### [Work order]
As the answer, return precisely the lines from the one containing "Vr презентация. VR" to the final line of the material below, inclusive, and omit every picture.

### [Collected data]
※ ※ ※
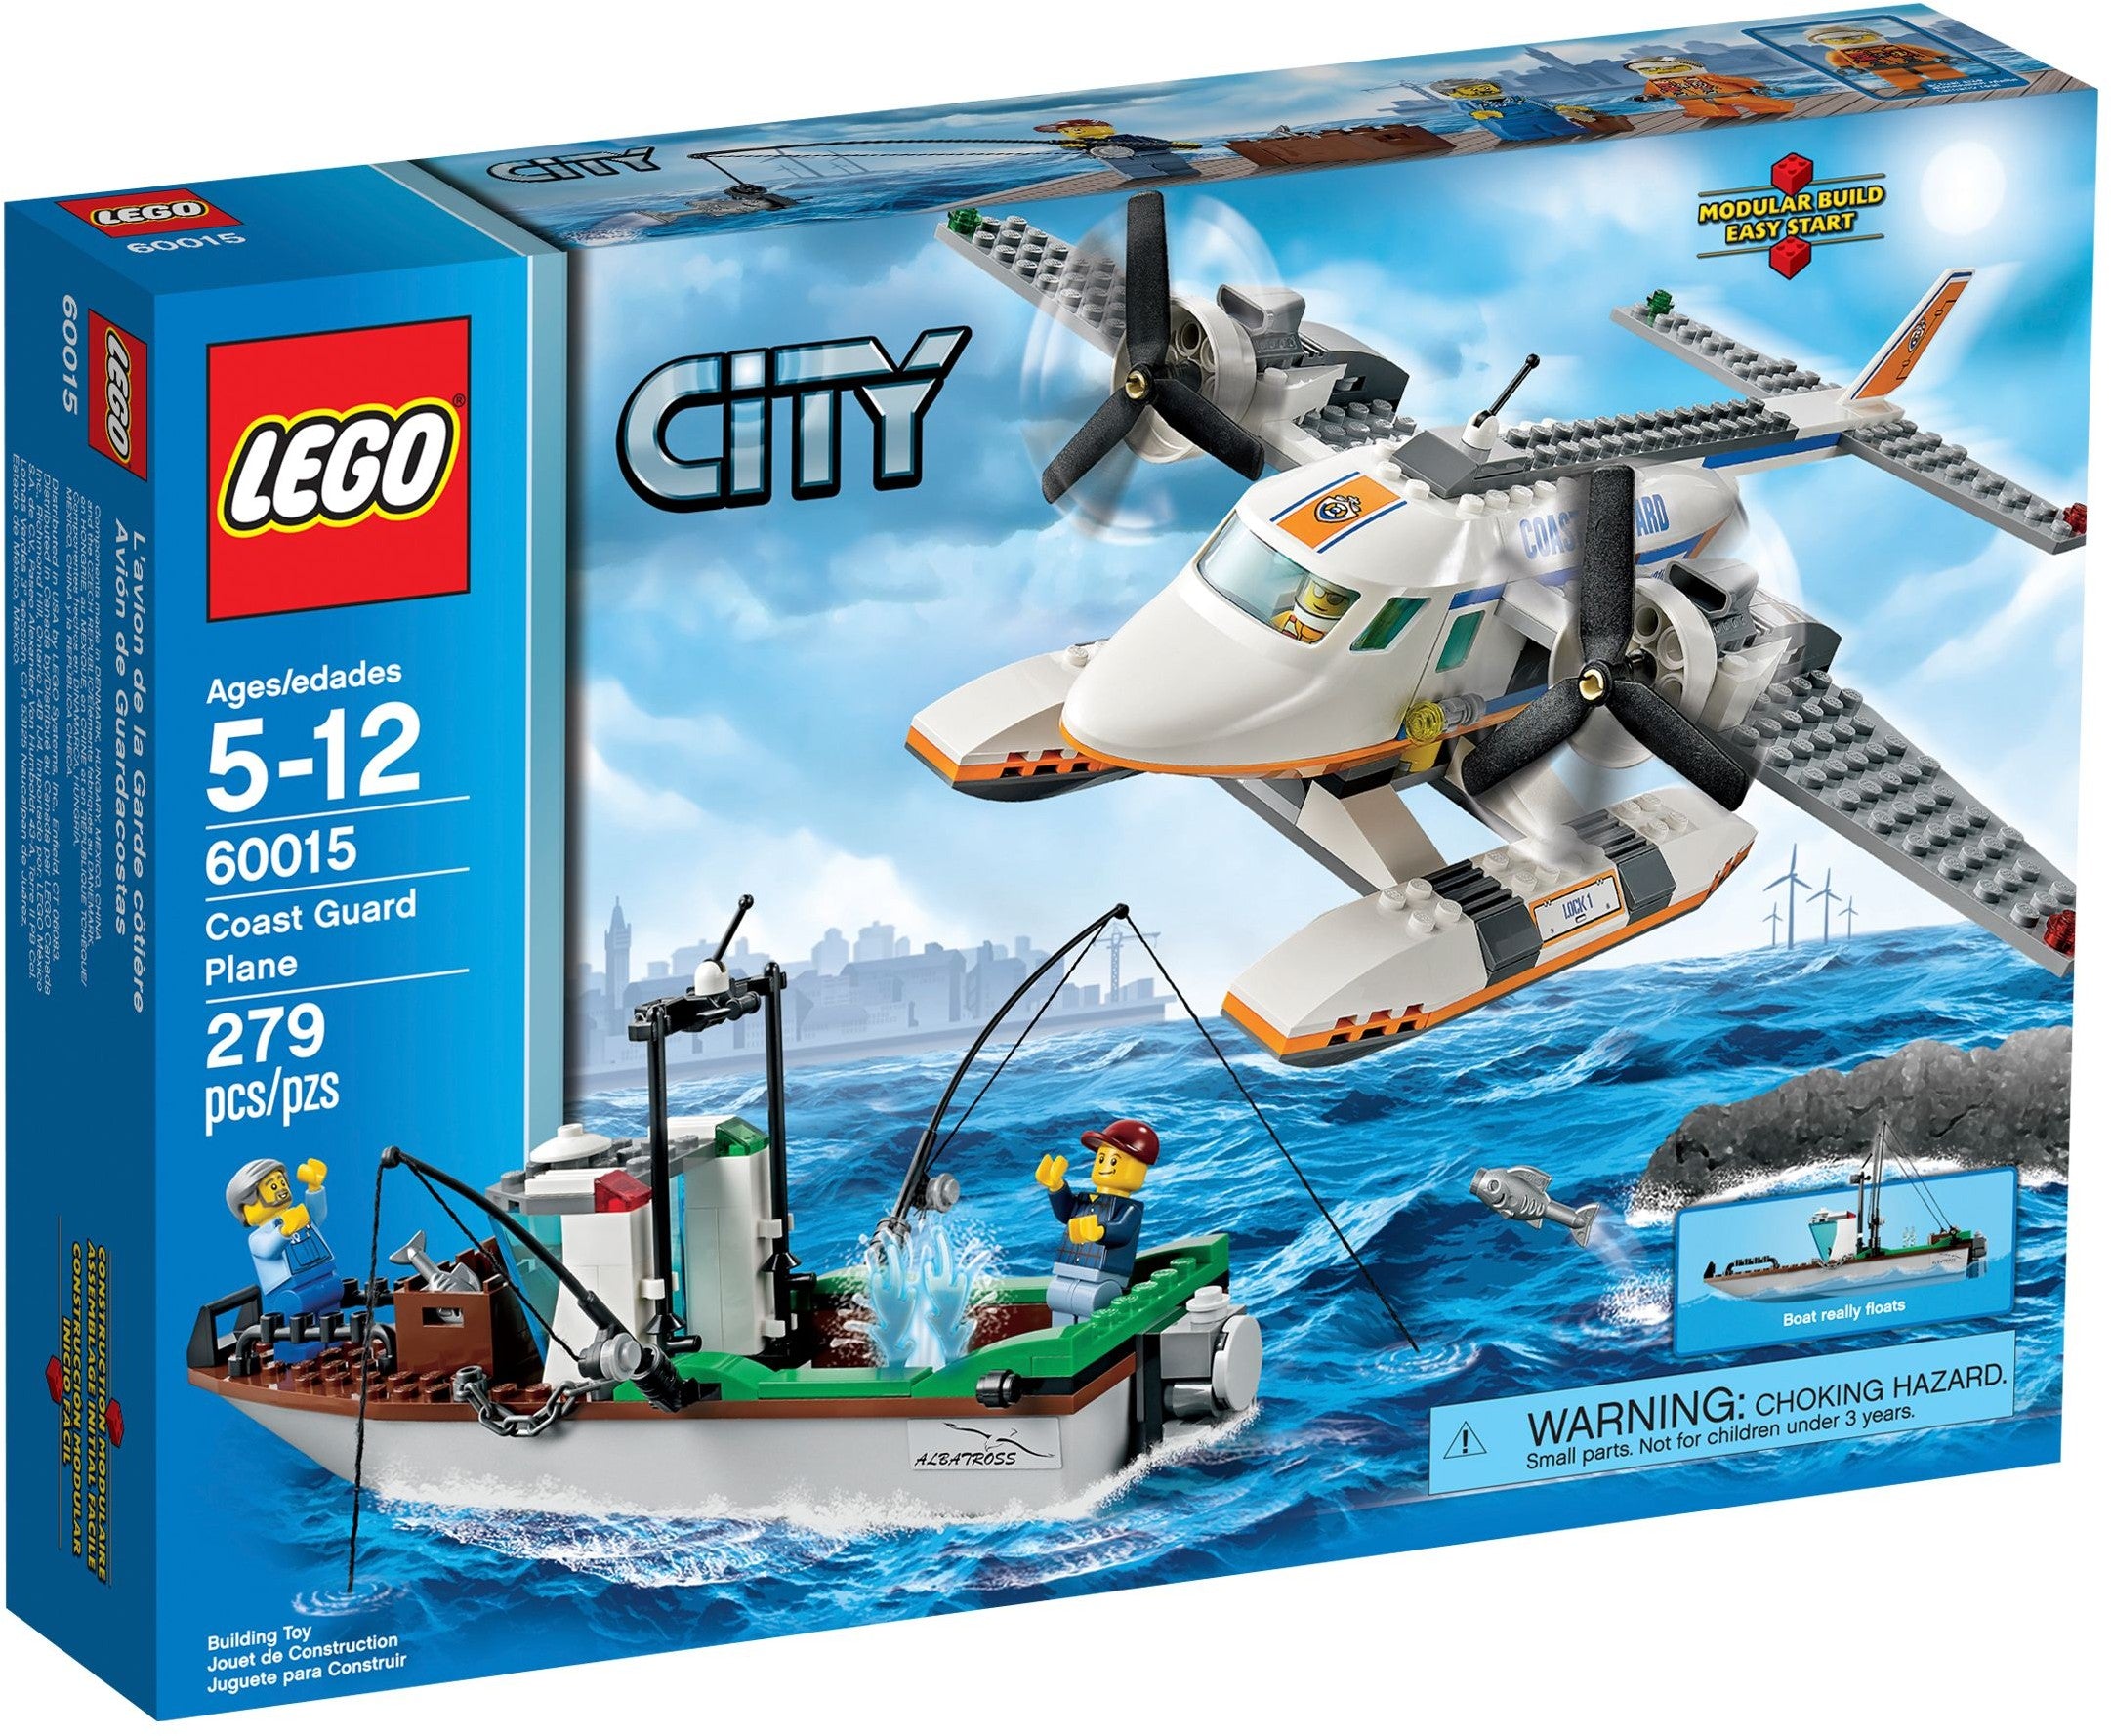 Lego City 60015 - Coast Guard Plane
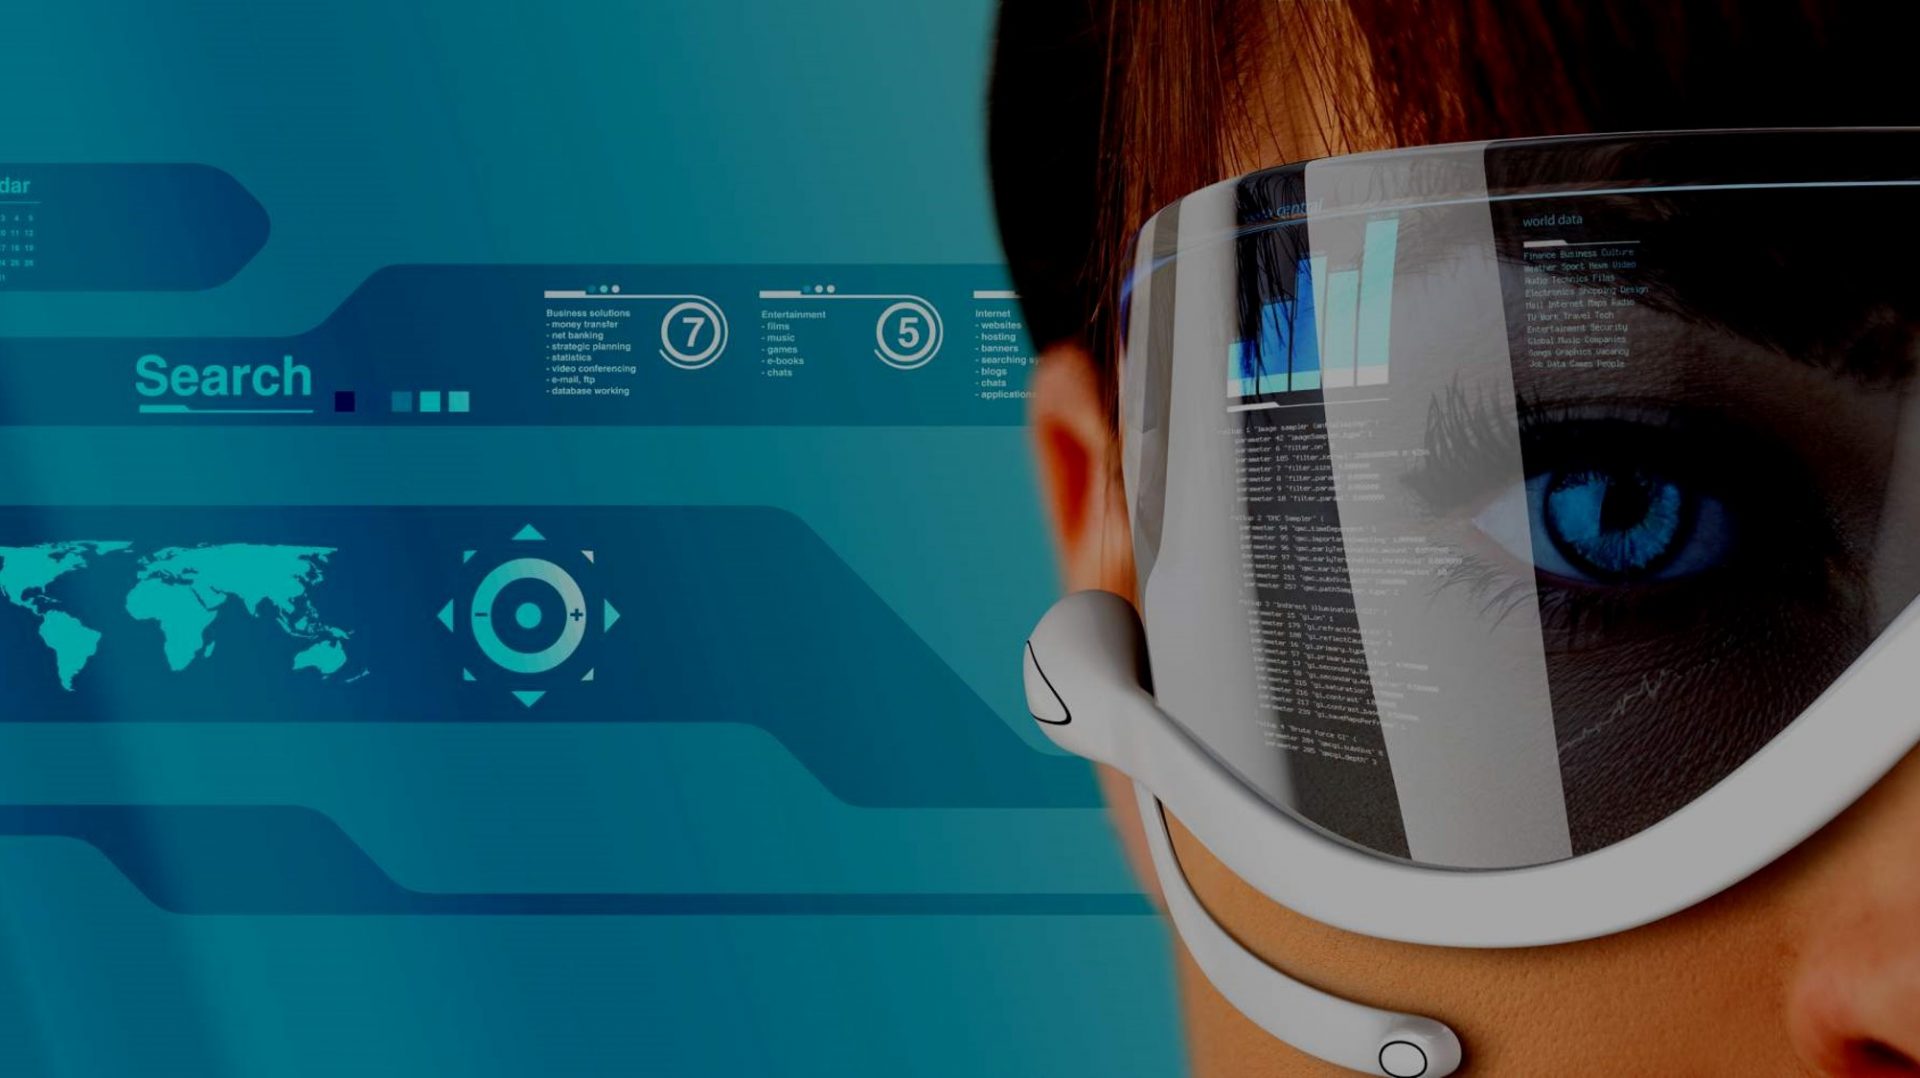 Vr презентация. VR на базе интернет-технологий. Виртуальная реальность обои. Виртуальная реальность фон для презентации. VR технологии Эстетика.
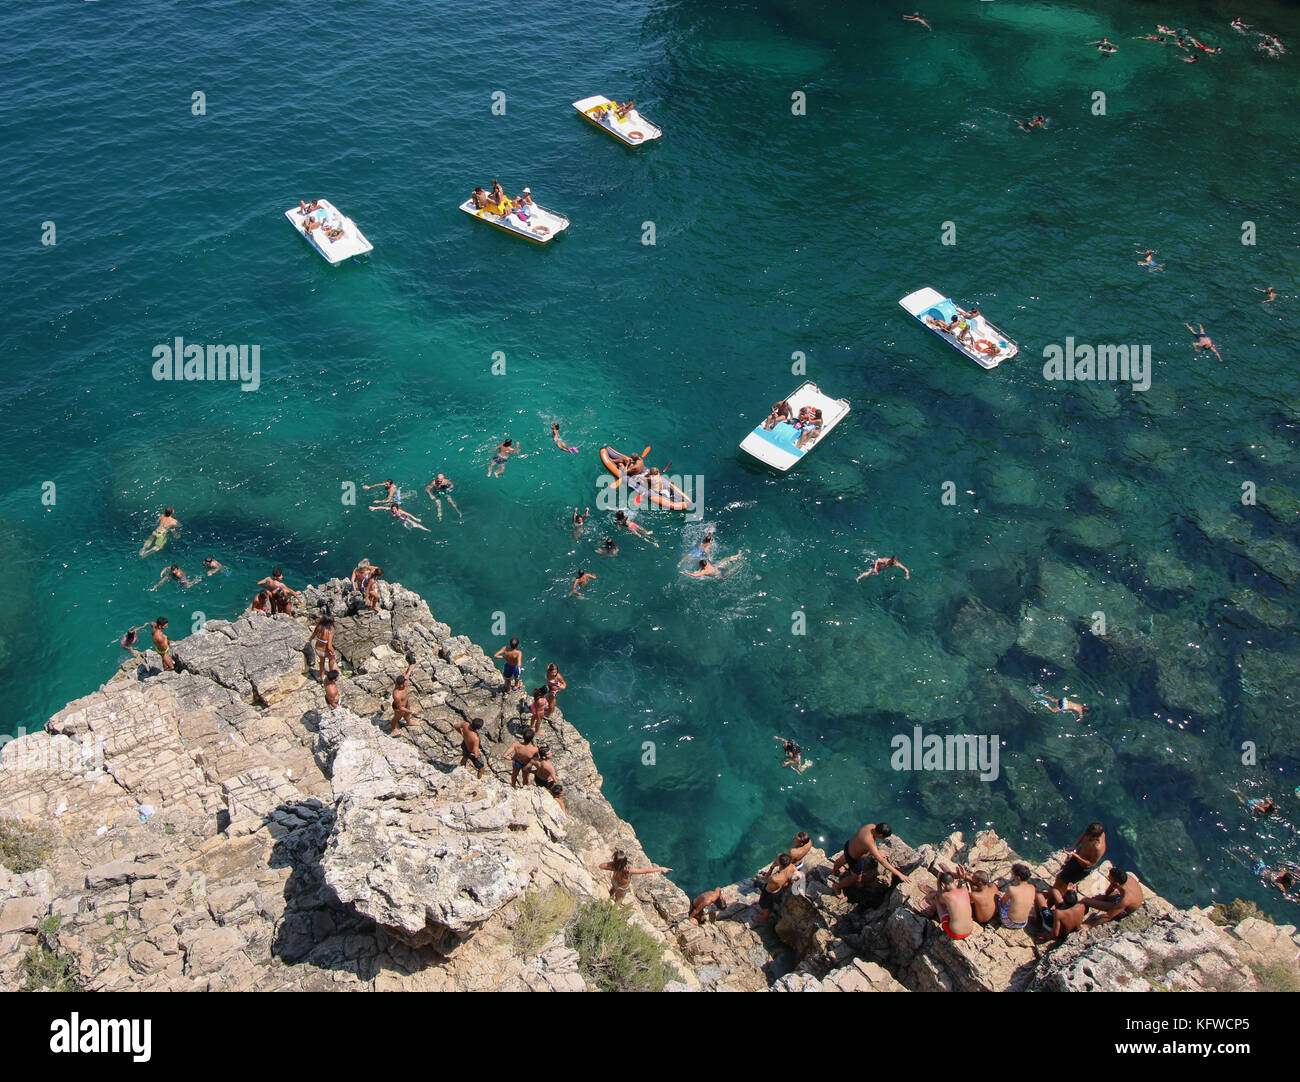 people swimming and on airbeds Polignano a Mare, Adriatic coastline, coastline, Puglia, Italy, Europe. Stock Photo
※ ※ ※
### [Task solution]
 Vr презентация. VR на базе интернет-технологий. Виртуальная реальность обои. Виртуальная реальность фон для презентации. VR технологии Эстетика.
 people swimming and on airbeds Polignano a Mare, Adriatic coastline, coastline, Puglia, Italy, Europe. Stock Photo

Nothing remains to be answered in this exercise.